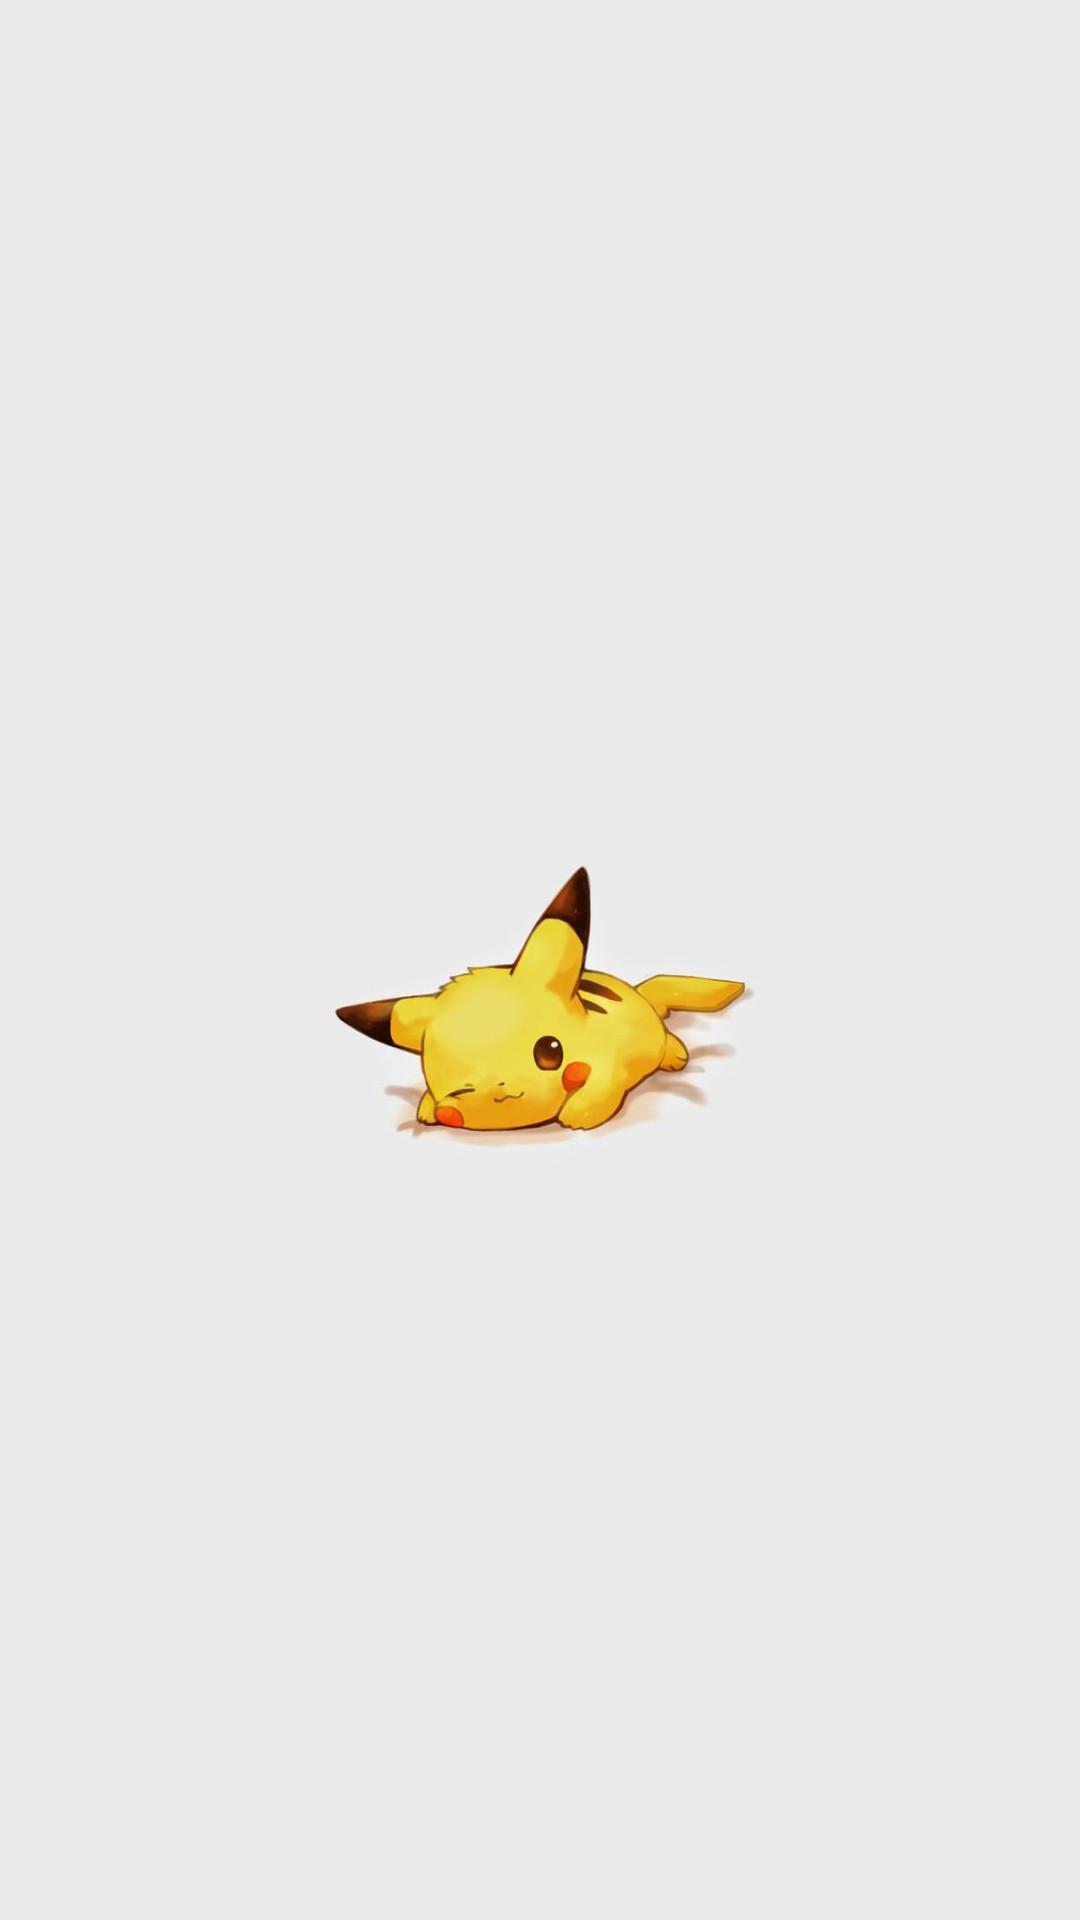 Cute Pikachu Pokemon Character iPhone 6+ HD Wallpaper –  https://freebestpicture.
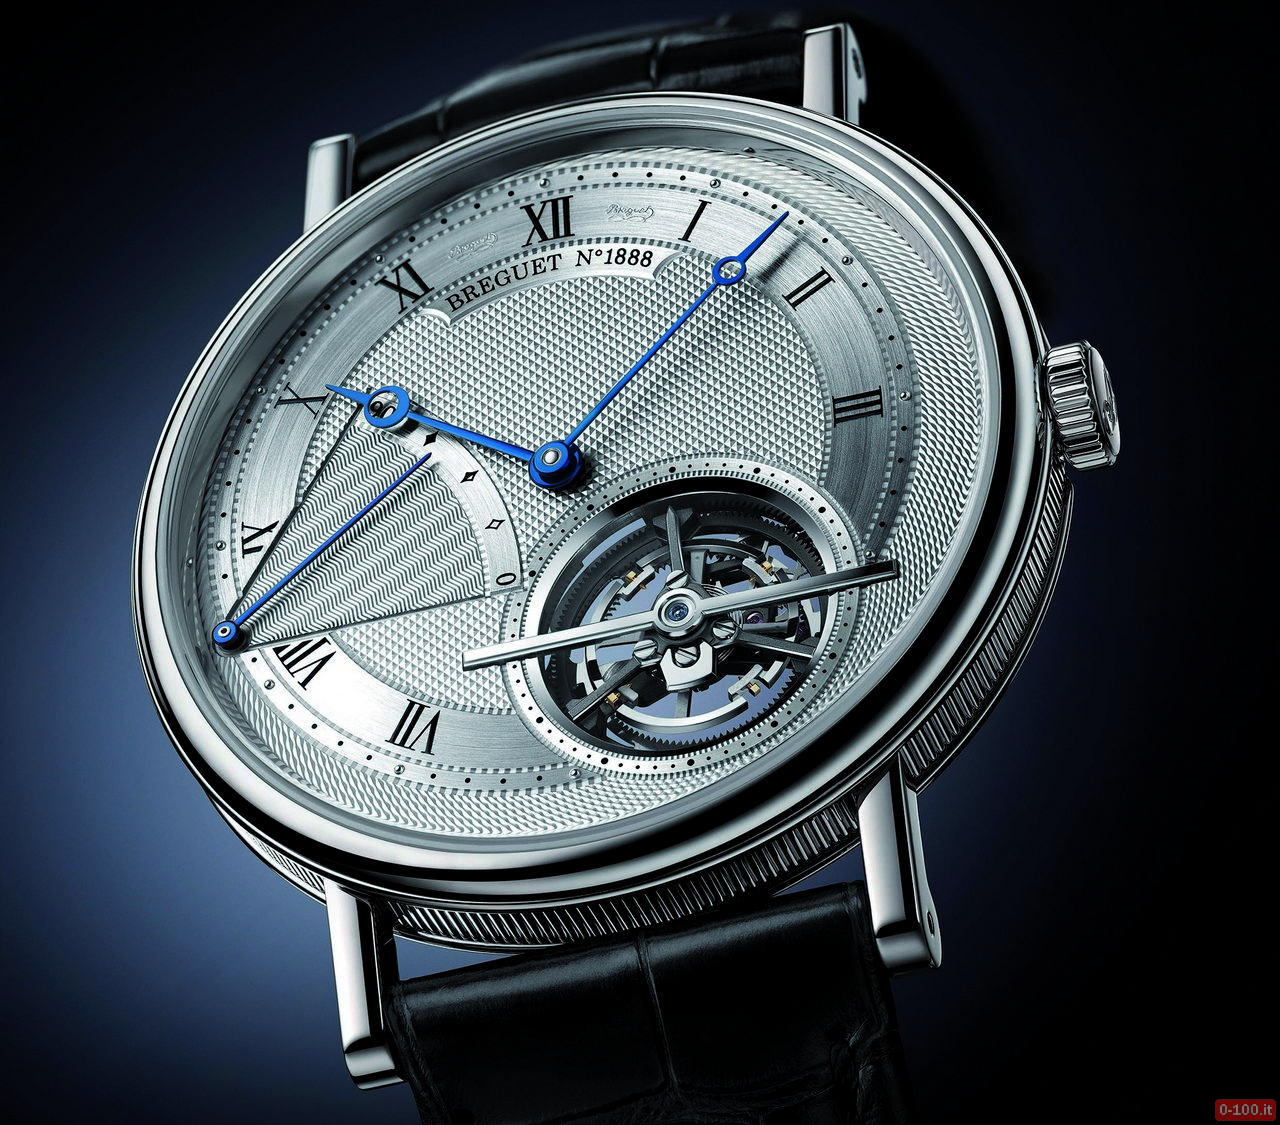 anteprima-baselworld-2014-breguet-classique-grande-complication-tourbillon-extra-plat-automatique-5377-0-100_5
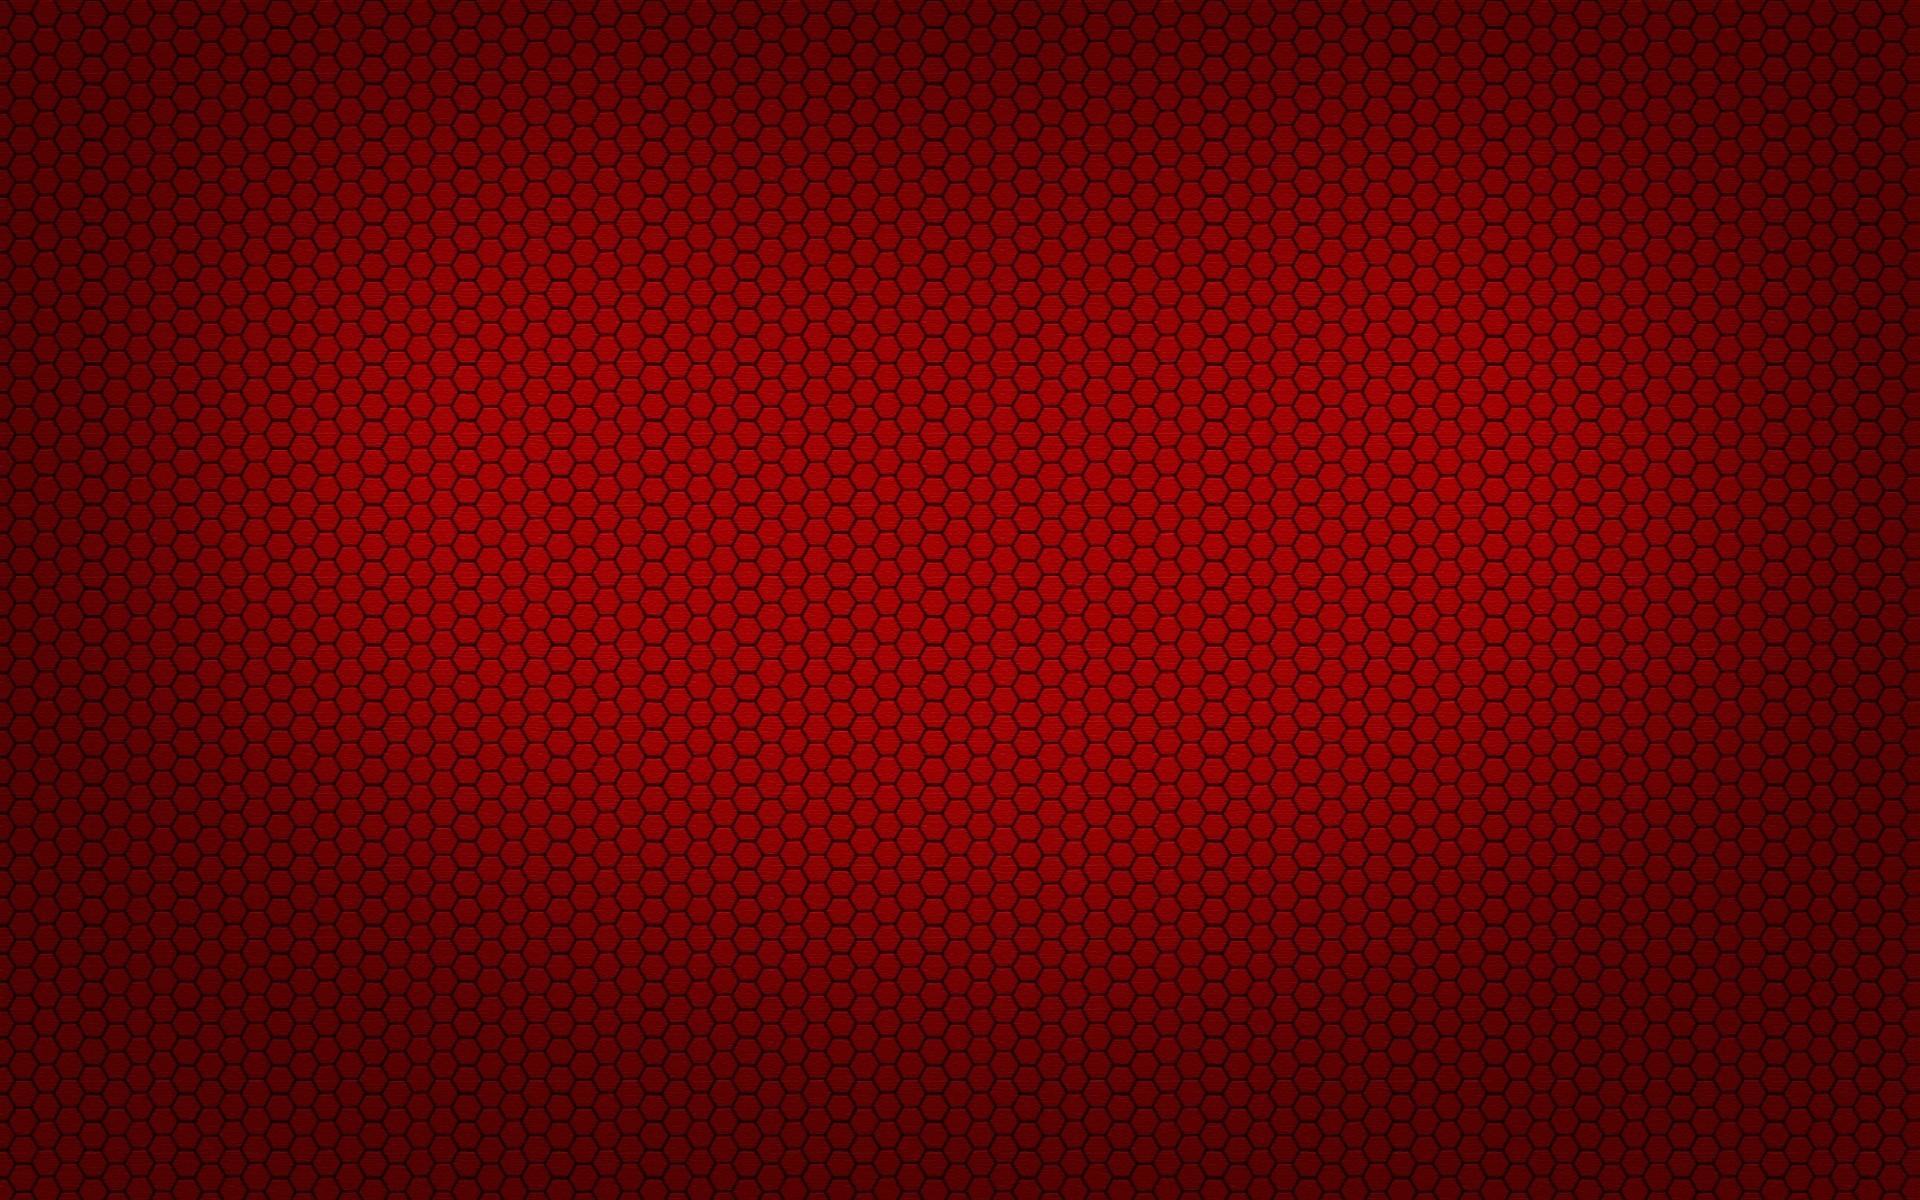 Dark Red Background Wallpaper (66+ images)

> WORK INSTRUCTION
Transcribe the material above in full. No picture is to be copied.

> TASK ANSWER
 Cute Pikachu Pokemon Character iPhone 6+ HD Wallpaper –  https://freebestpicture.
 anteprima-baselworld-2014-breguet-classique-grande-complication-tourbillon-extra-plat-automatique-5377-0-100_5
 Dark Red Background Wallpaper (66+ images)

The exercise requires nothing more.